It is given that $\alpha$ and $\beta$ are the roots of the quadratic equation $x^2 - 2x + 3 = 0$...............(1)

So using the concept of sum of roots $\alpha + \beta = \dfrac{{ - b}}{a}$ and product of roots $\alpha\beta=\dfrac{c}{a}$.

Comparing equation (1) with standard form of quadratic equation i.e. $ax^2+bx+c=0$ we get a=1, b=-2 and c=3.

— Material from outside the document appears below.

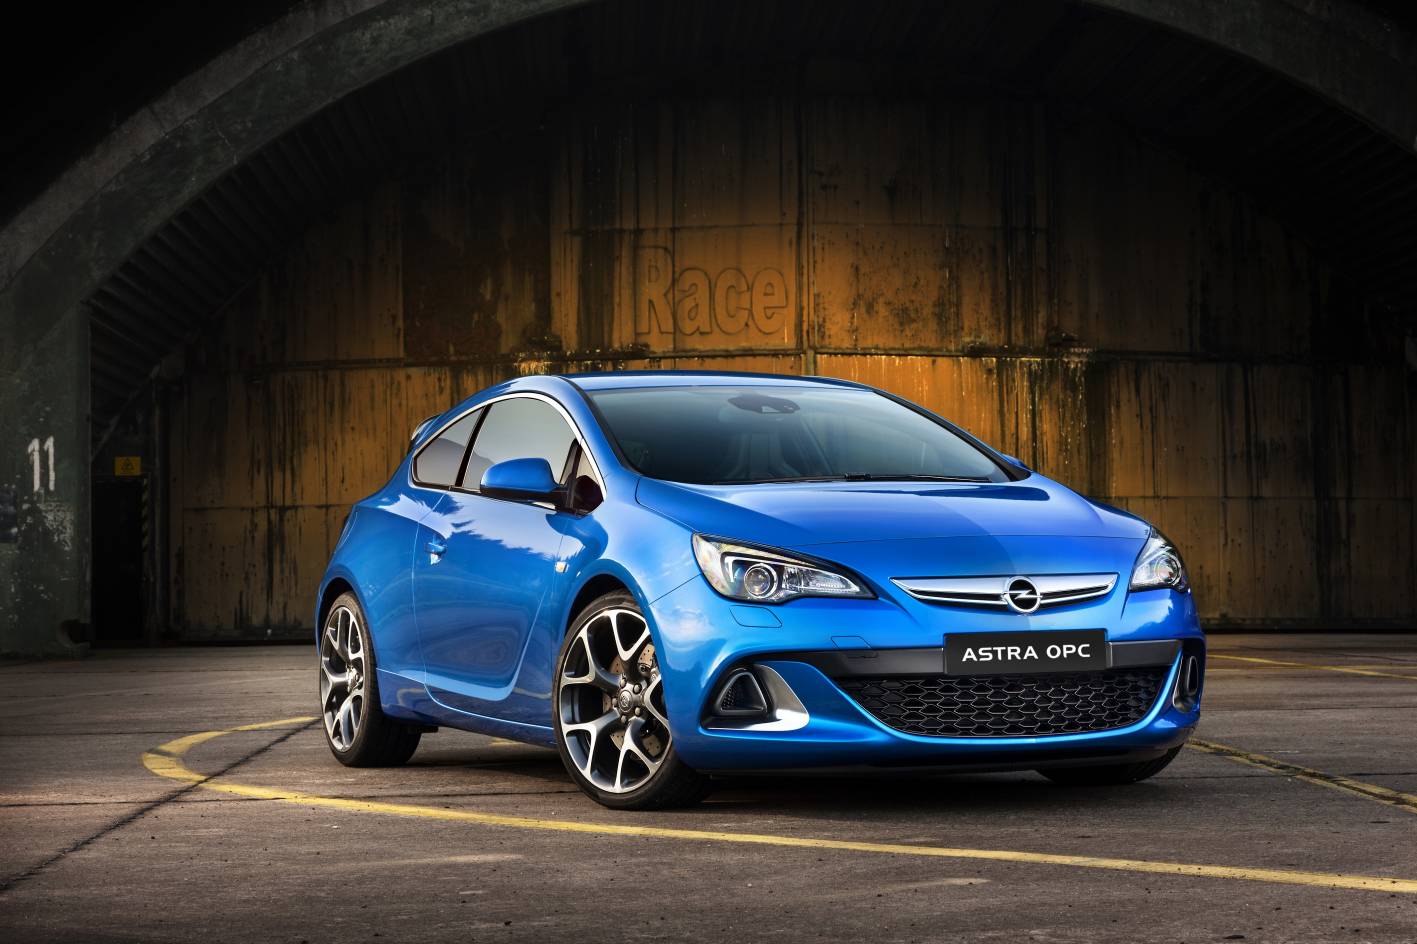 Opel's Extreme OPC has over 224kW

$\therefore$ We get $\alpha+\beta = 2$ and $\alpha \beta = 3$

Now we have to find equation with roots $\dfrac{{\alpha - 1}}{{\alpha + 1}},\dfrac{{\beta - 1}}{{\beta + 1}}$

So firstly lets calculate $\dfrac{{\alpha - 1}}{{\alpha + 1}} + \dfrac{{\beta - 1}}{{\beta + 1}} = \dfrac{{\left( {\alpha - 1} \right)\left( {\beta + 1} \right) + \left( {\alpha + 1} \right)\left( {\beta - 1} \right)}}{{\left( {\alpha + 1} \right)\left( {\beta + 1} \right)}}$

Lets simplify the numerator part,

$\Rightarrow \dfrac{{\alpha \beta + \alpha - \beta - 1 + \alpha \beta - \alpha + \beta - 1}}{{\alpha \beta + \alpha + \beta + 1}} = \dfrac{{2\alpha \beta - 2}}{{\alpha \beta + \alpha + \beta + 1}}$

Now substituting the values of $\alpha \beta$ and $\alpha + \beta$

We have $\dfrac{{6 - 2}}{{3 + 2 + 1}} = \dfrac{4}{6} = \dfrac{2}{3}$.............(2)

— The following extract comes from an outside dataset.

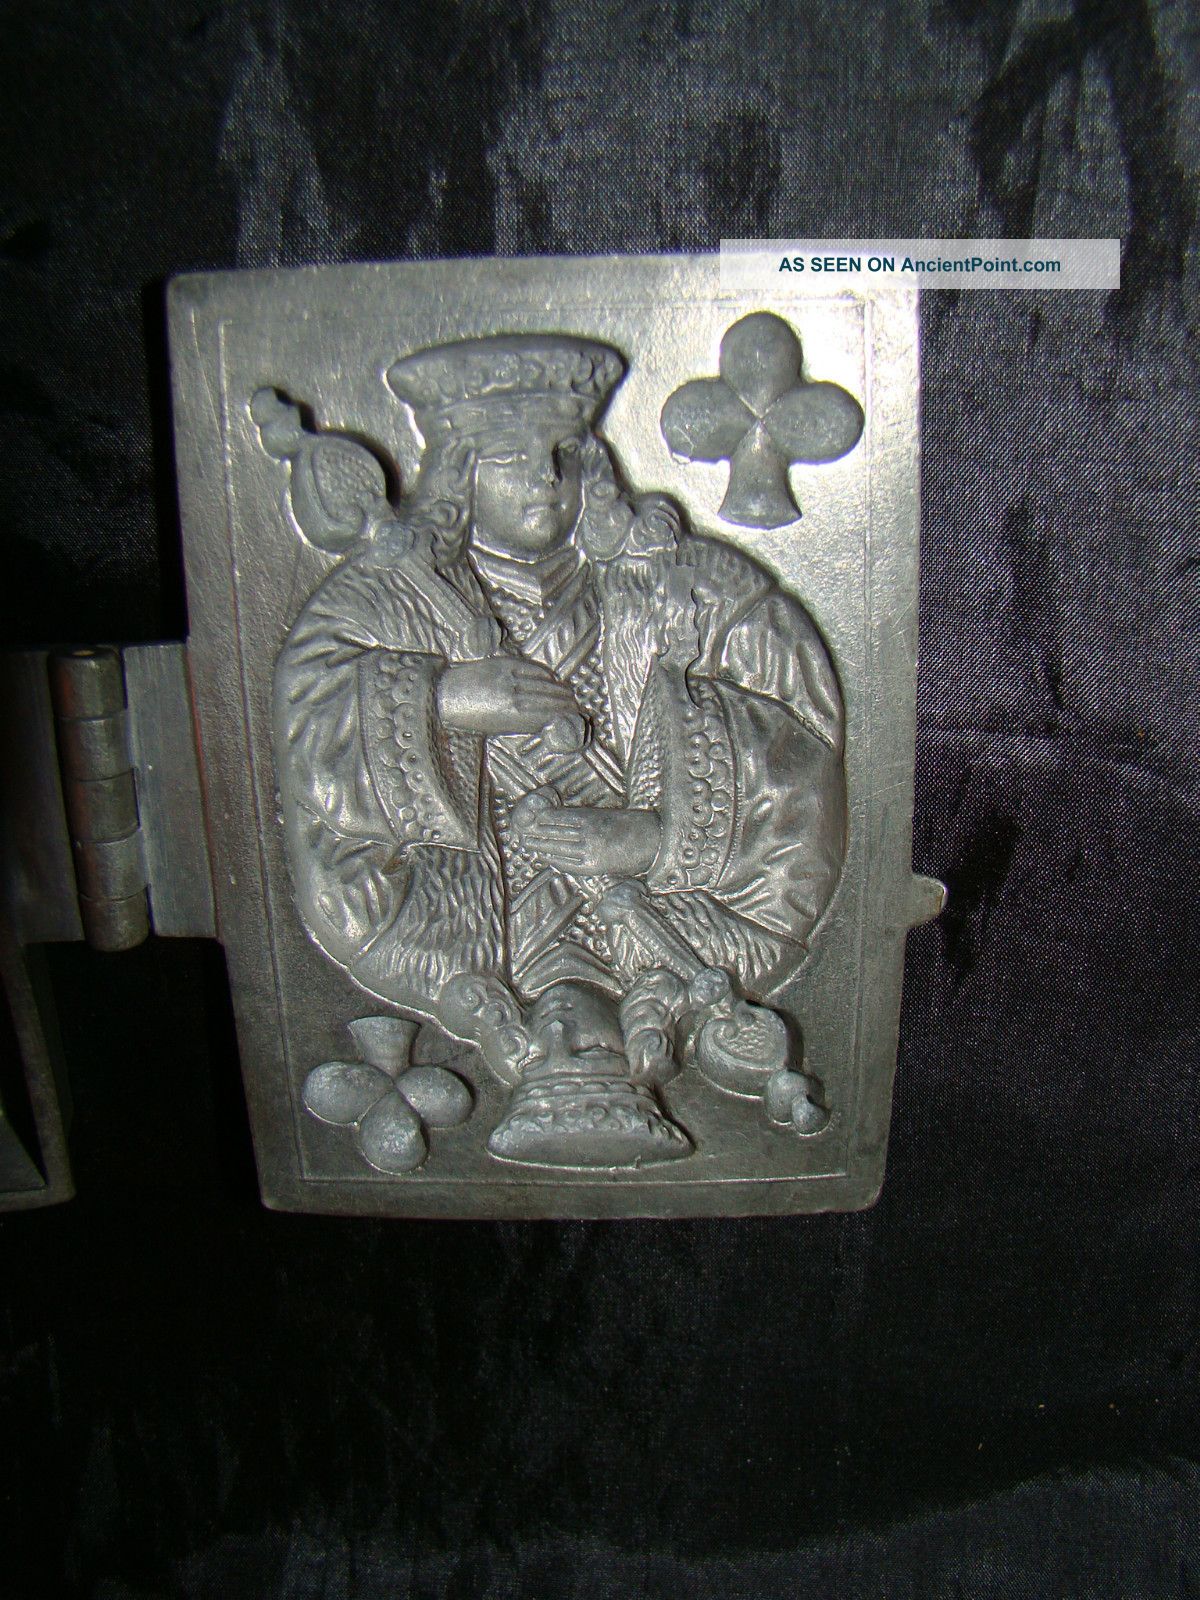  - antique_pewter_king_of_clubs_chocolate_or_ice_cream_mold_3_lgw

Now in the similar way we will be computing the value of

$\Rightarrow \left( {\dfrac{{\alpha - 1}}{{\alpha + 1}}} \right)\left( {\dfrac{{\beta - 1}}{{\beta + 1}}} \right) = \dfrac{{\alpha \beta - \alpha - \beta + 1}}{{\alpha \beta + \alpha + \beta + 1}}$

Again substituting the values of $\alpha$ and $\beta$, we have

$\Rightarrow \dfrac{{3 - 2 + 1}}{{3 + 2 + 1}} = \dfrac{2}{6} = \dfrac{1}{3}$................(3)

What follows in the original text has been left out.